What you should do:
Return nothing but the lines from the one with "2. Single Family" through the one with "kendall jenner in" in the data below, word for word and without pictures.

Extracted data:
== Segment start ==

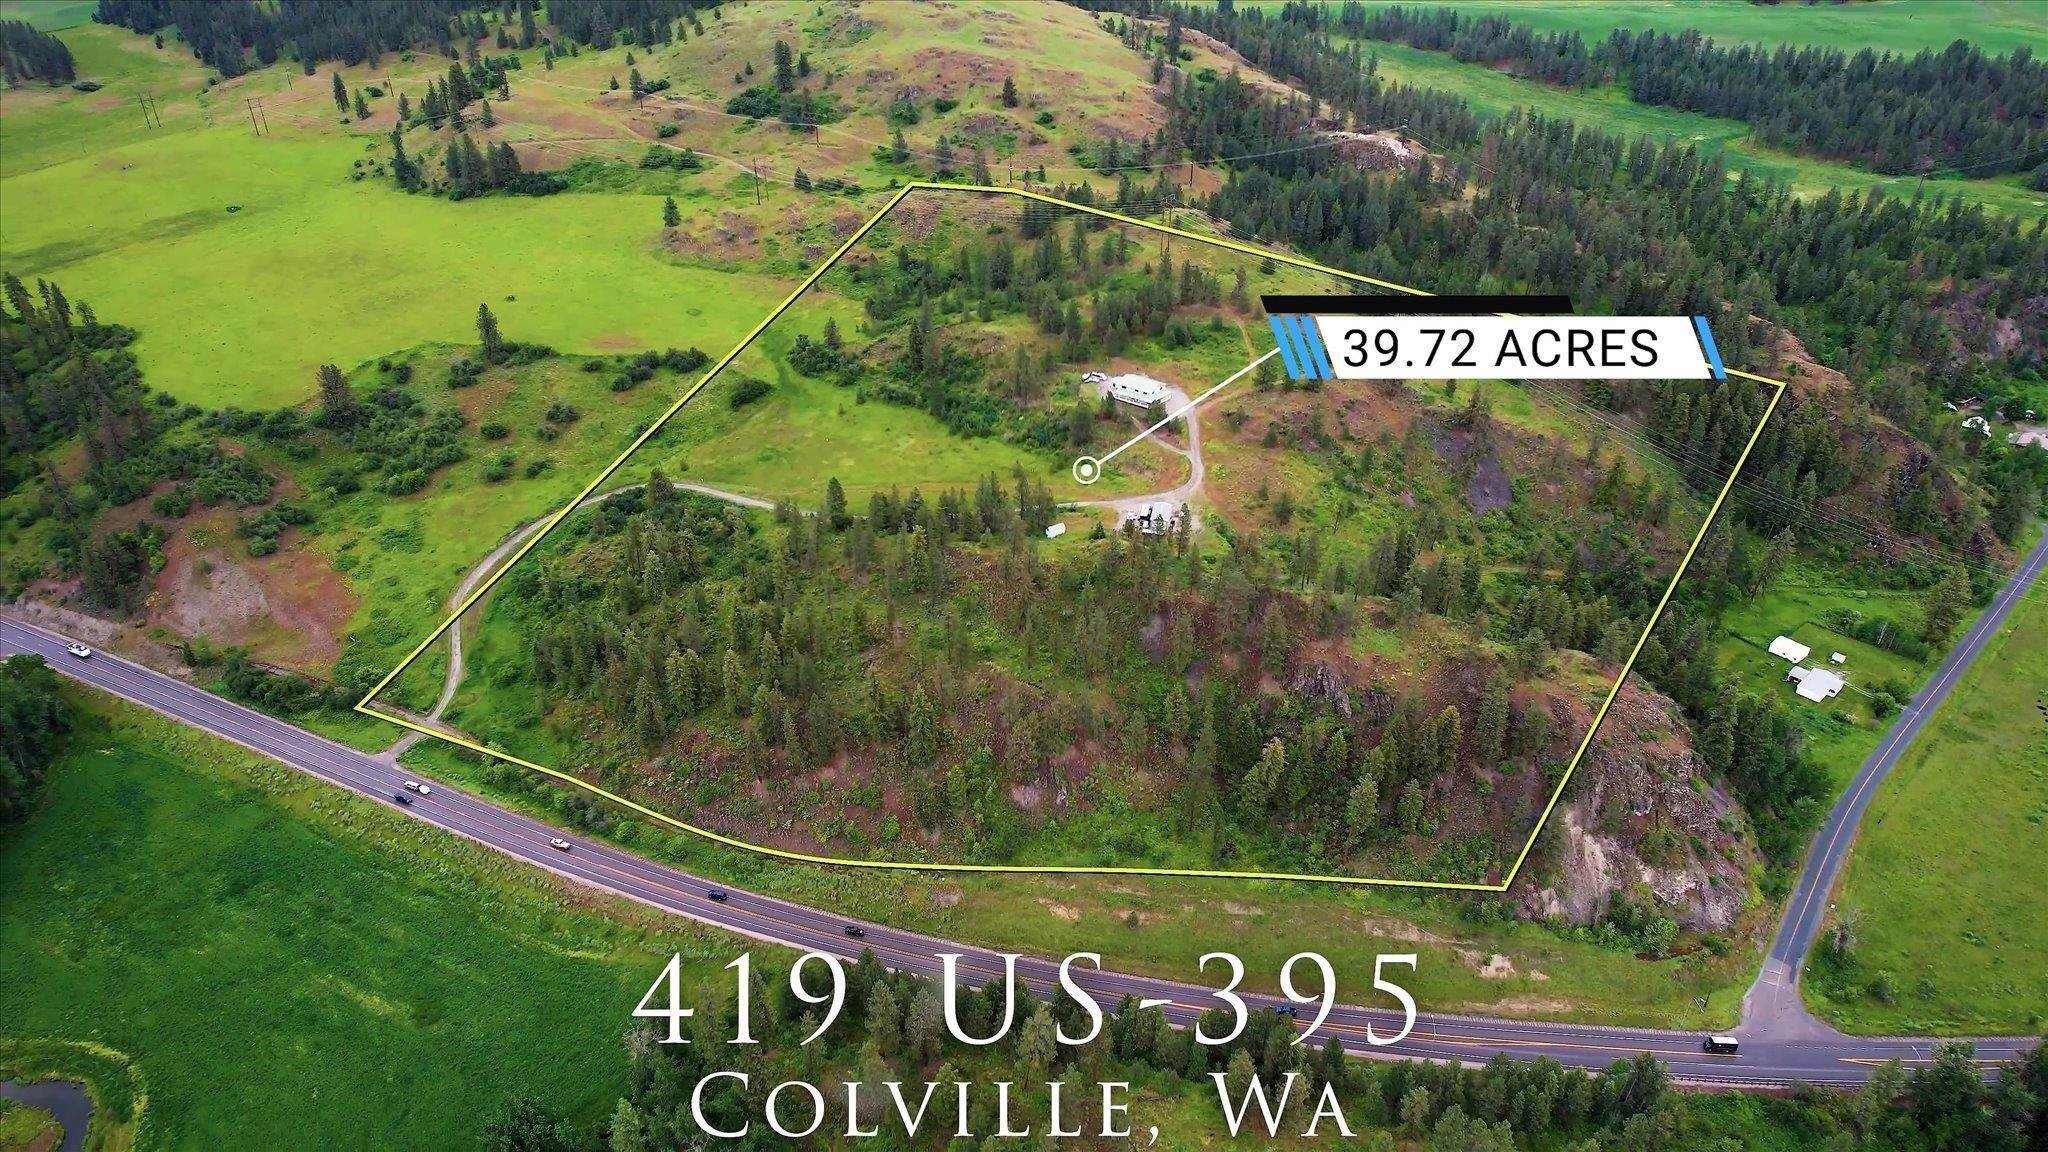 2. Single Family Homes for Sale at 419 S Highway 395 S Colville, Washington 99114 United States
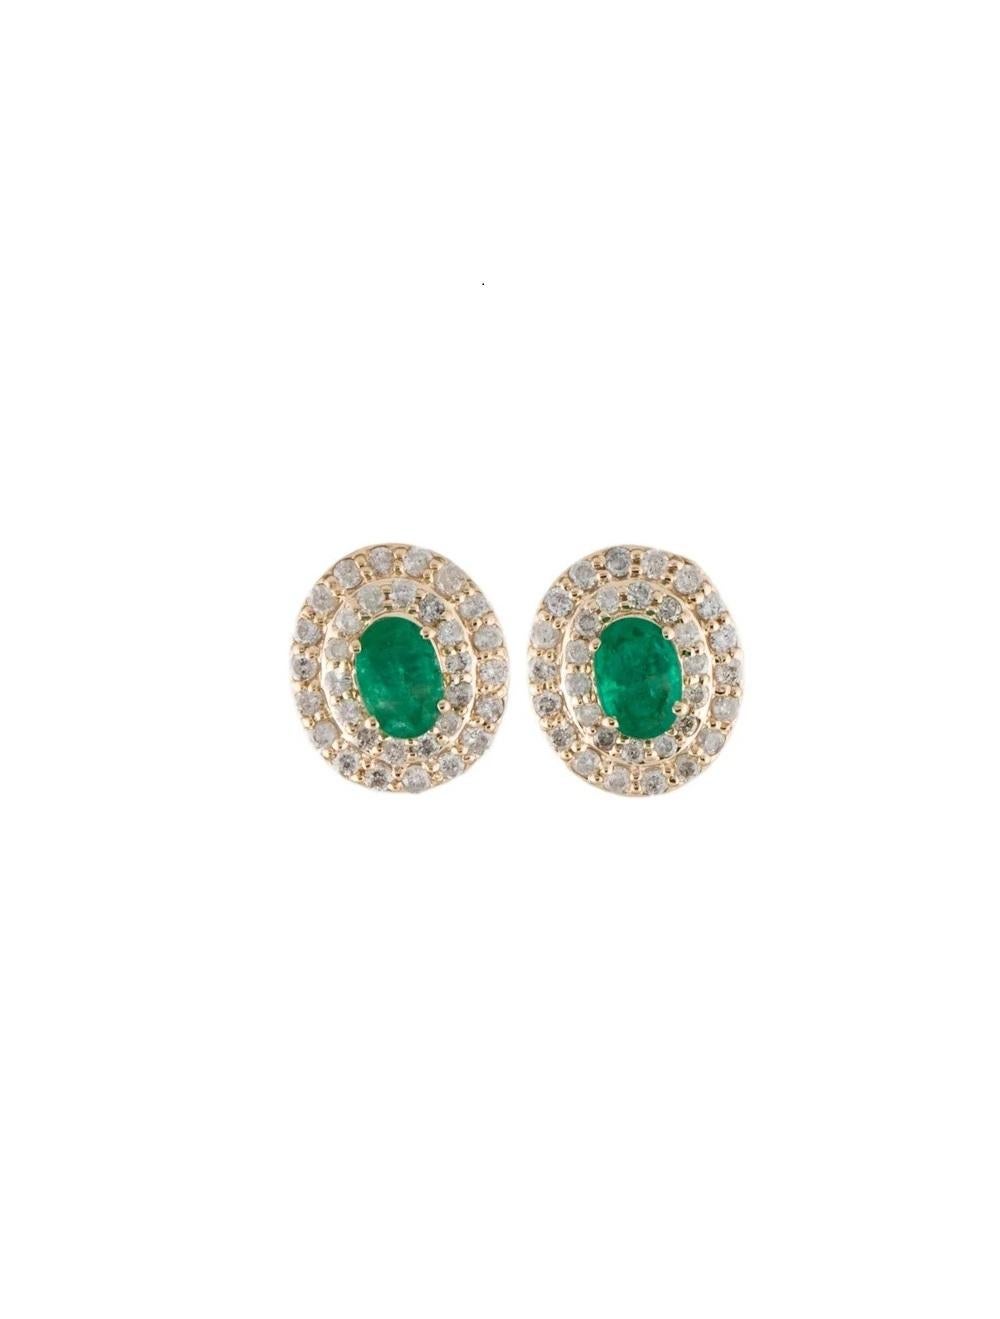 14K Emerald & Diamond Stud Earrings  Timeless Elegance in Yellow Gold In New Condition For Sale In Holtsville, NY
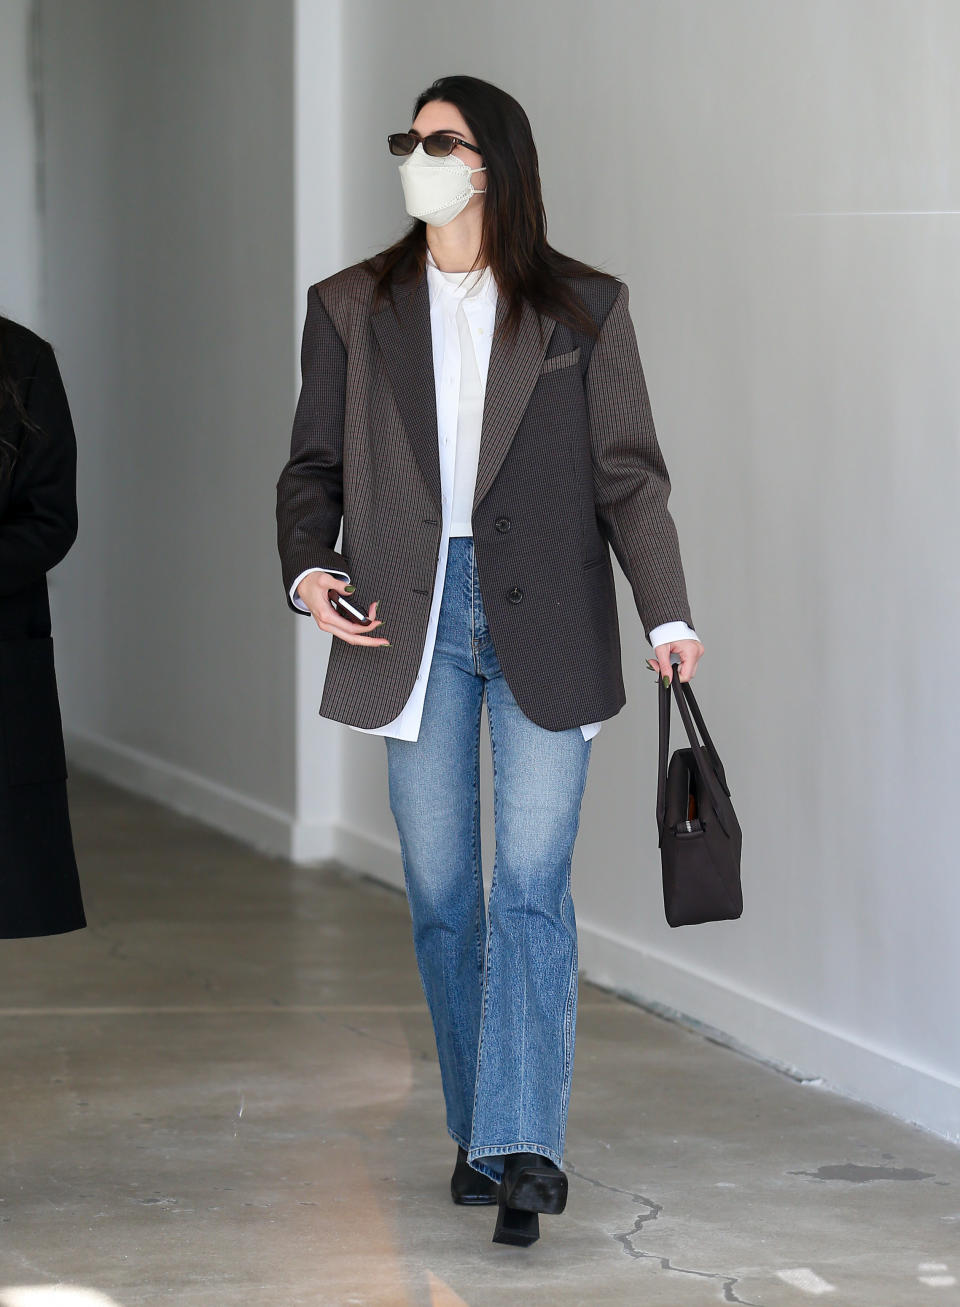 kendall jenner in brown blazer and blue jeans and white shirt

== Segment end ==
== Segment start ==

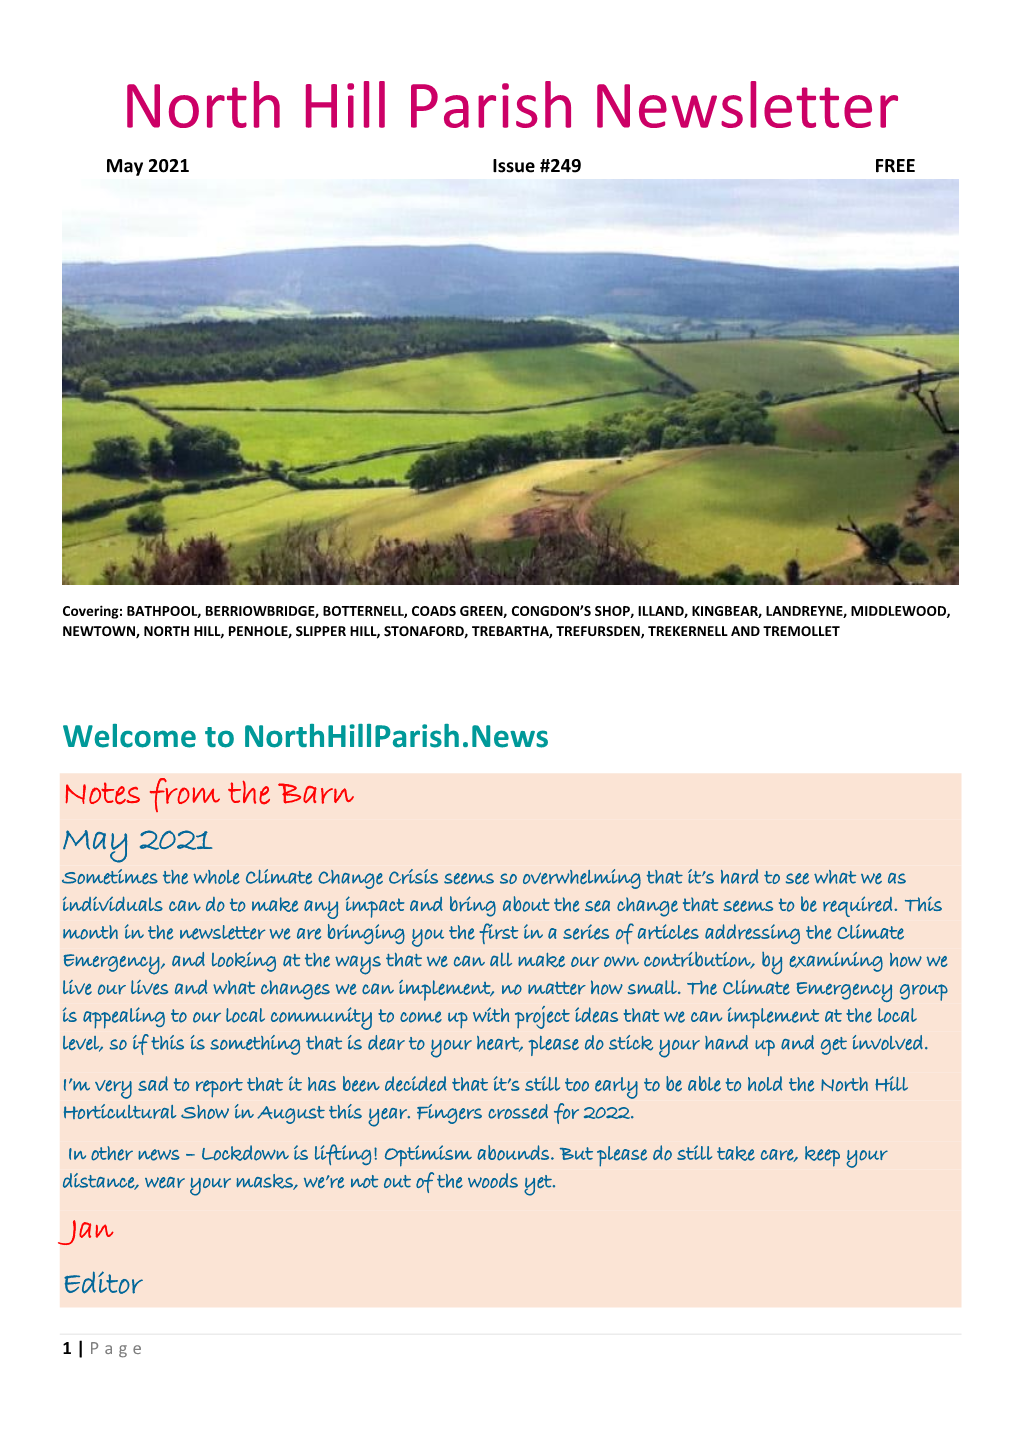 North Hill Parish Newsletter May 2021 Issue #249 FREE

== Segment end ==

Answer to the problem:
 2. Single Family Homes for Sale at 419 S Highway 395 S Colville, Washington 99114 United States
 14K Emerald & Diamond Stud Earrings  Timeless Elegance in Yellow Gold In New Condition For Sale In Holtsville, NY
 kendall jenner in brown blazer and blue jeans and white shirt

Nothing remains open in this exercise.